Your instructions:
All pictures are to be excluded when the data below is output verbatim.

::: Data

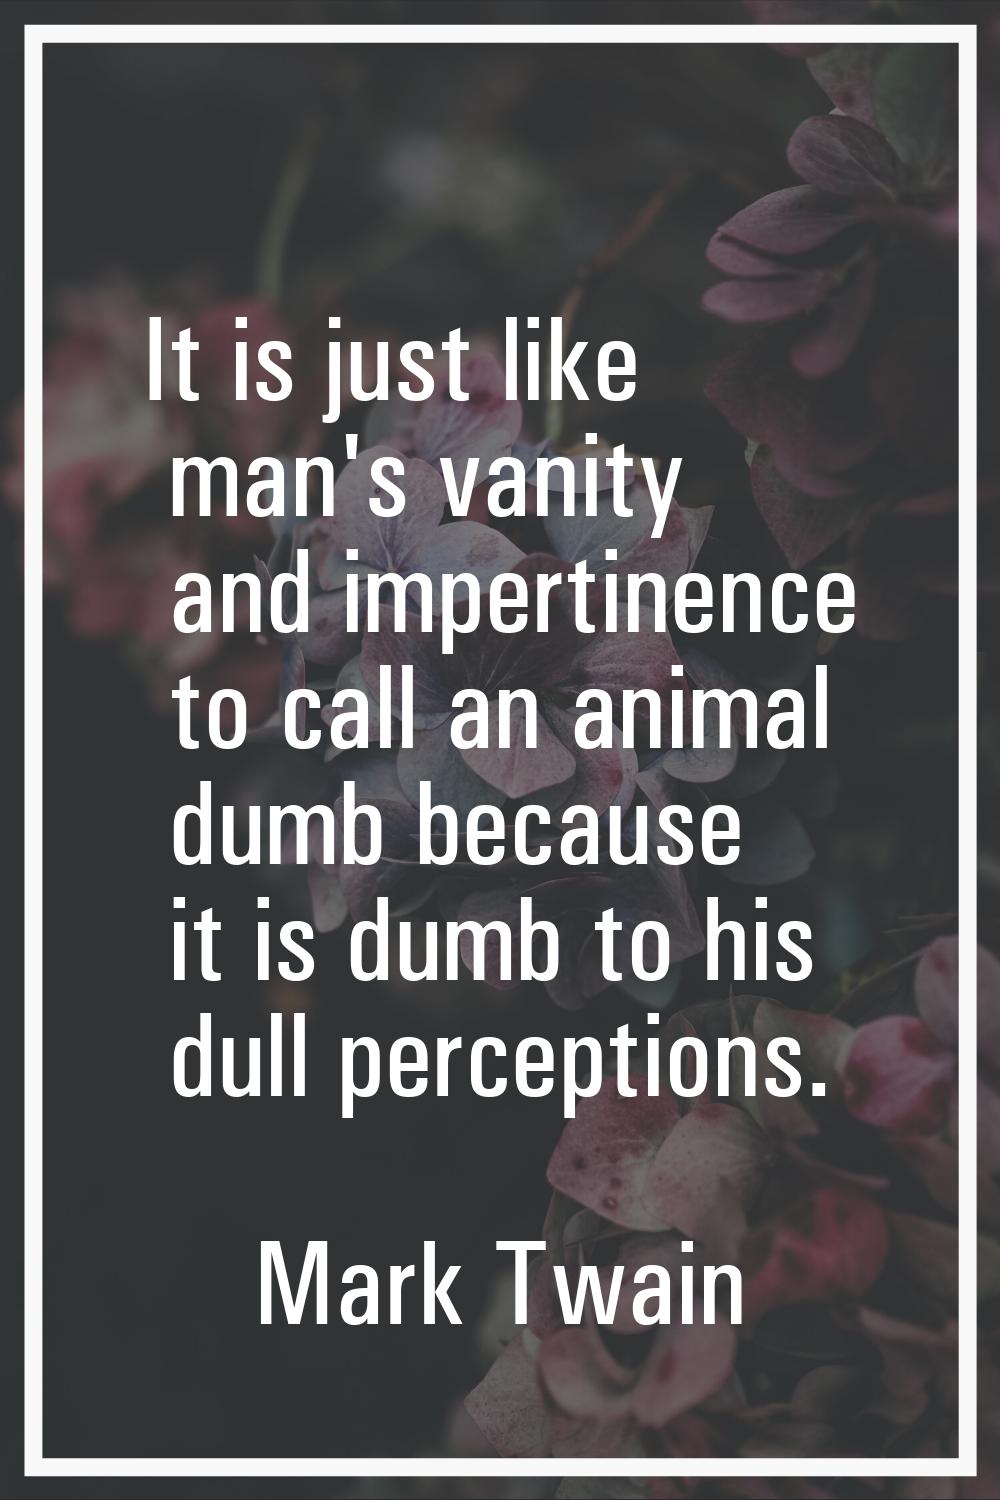 It is just like man's vanity and impertinence to call an animal dumb because it is dumb to his dull
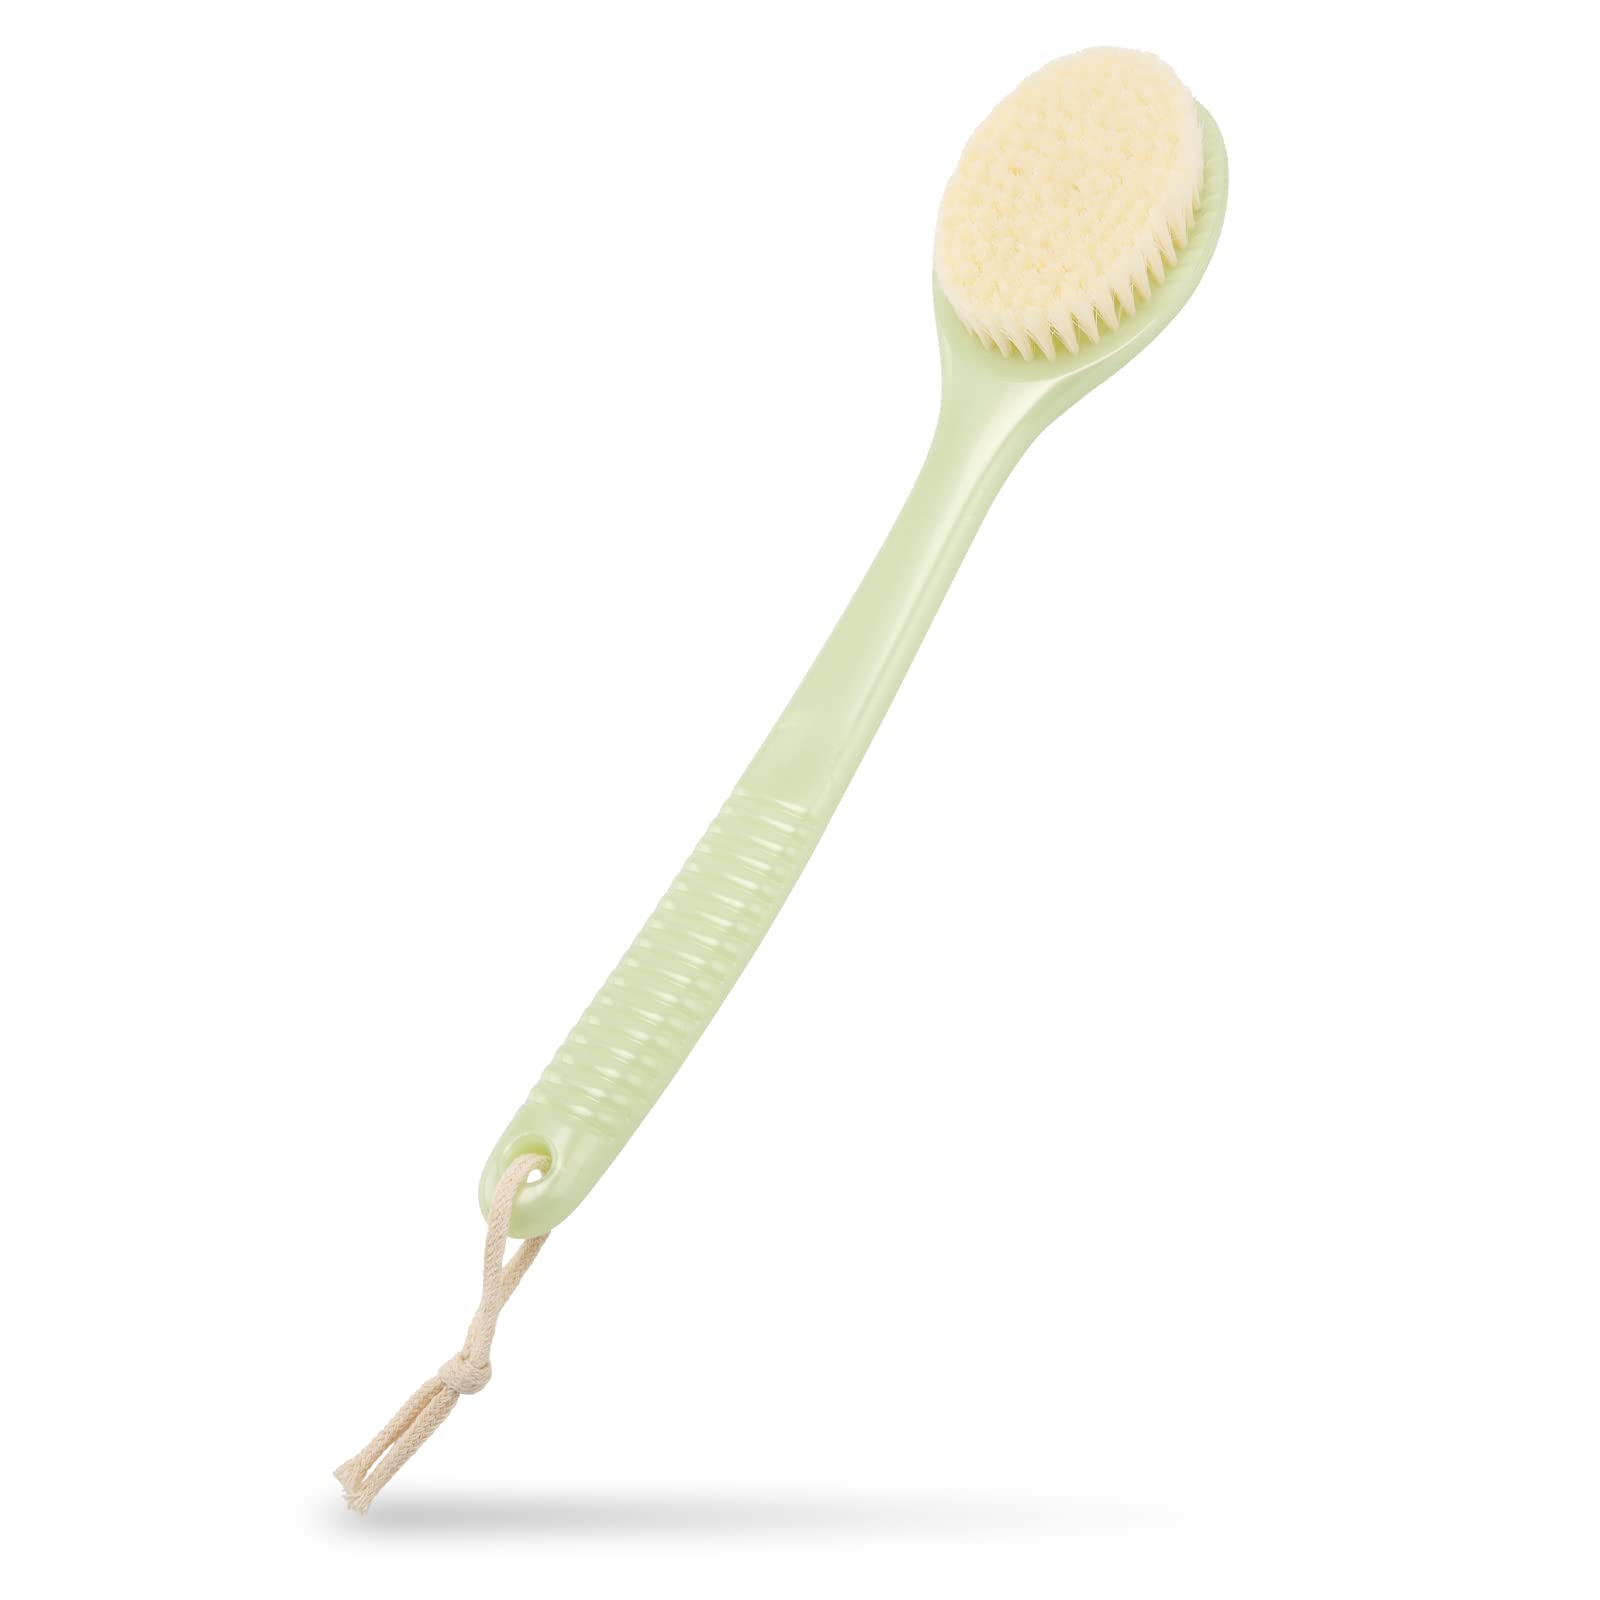 G2PLUS Soft Bath Brush for Back with Long Handle, Body Shower Brush, Exfoliating Back Scrubber for Wet or Dry Brushing (Green)
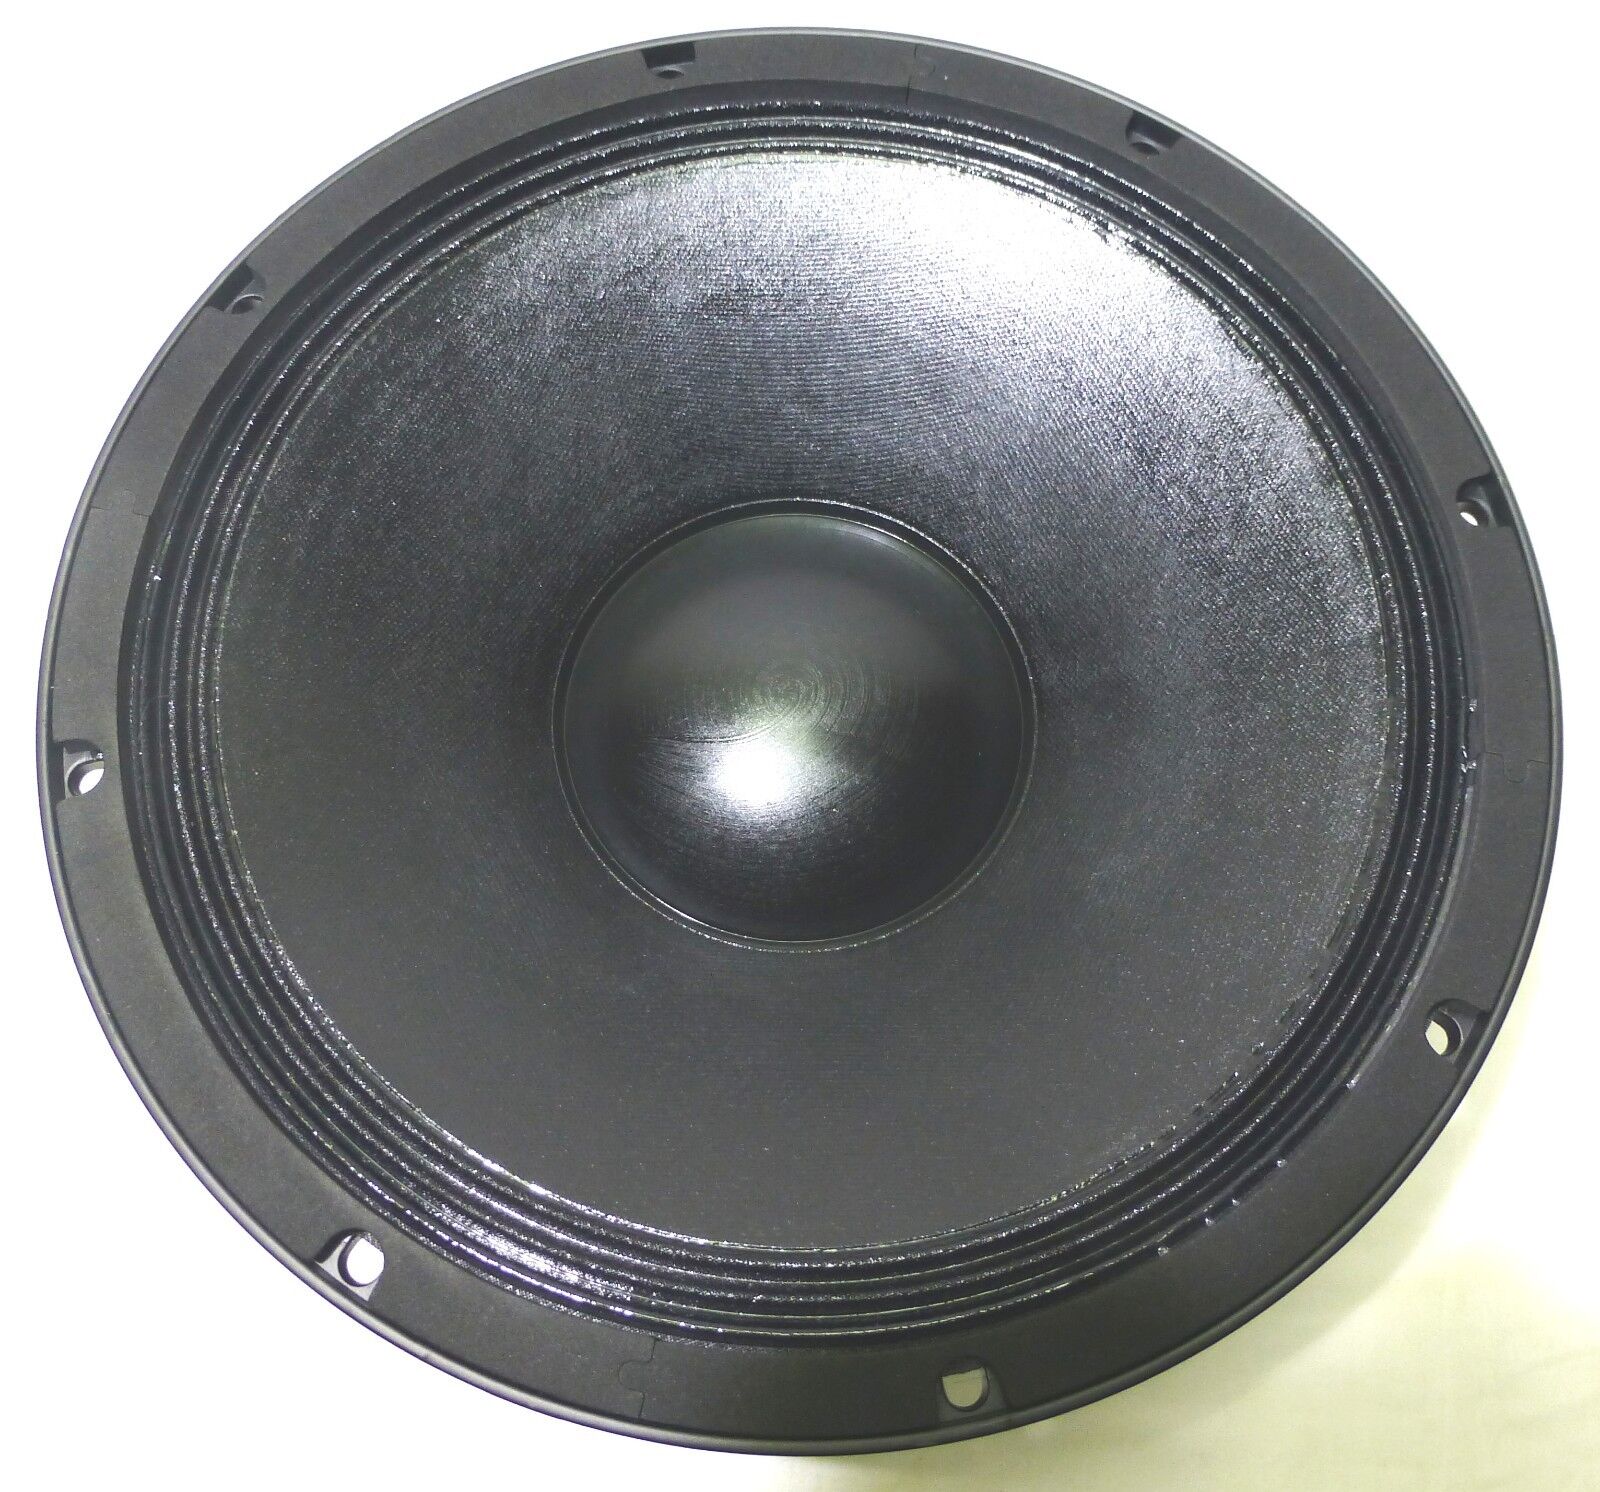 LASE NEO 12-1000MR Replacement 12.5" Neodymium Woofer for Mackie SRM-450

::::::

Result for this exercise:
 It is just like man's vanity and impertinence to call an animal dumb because it is dumb to his dull
 G2PLUS Soft Bath Brush for Back with Long Handle, Body Shower Brush, Exfoliating Back Scrubber for Wet or Dry Brushing (Green)
 LASE NEO 12-1000MR Replacement 12.5" Neodymium Woofer for Mackie SRM-450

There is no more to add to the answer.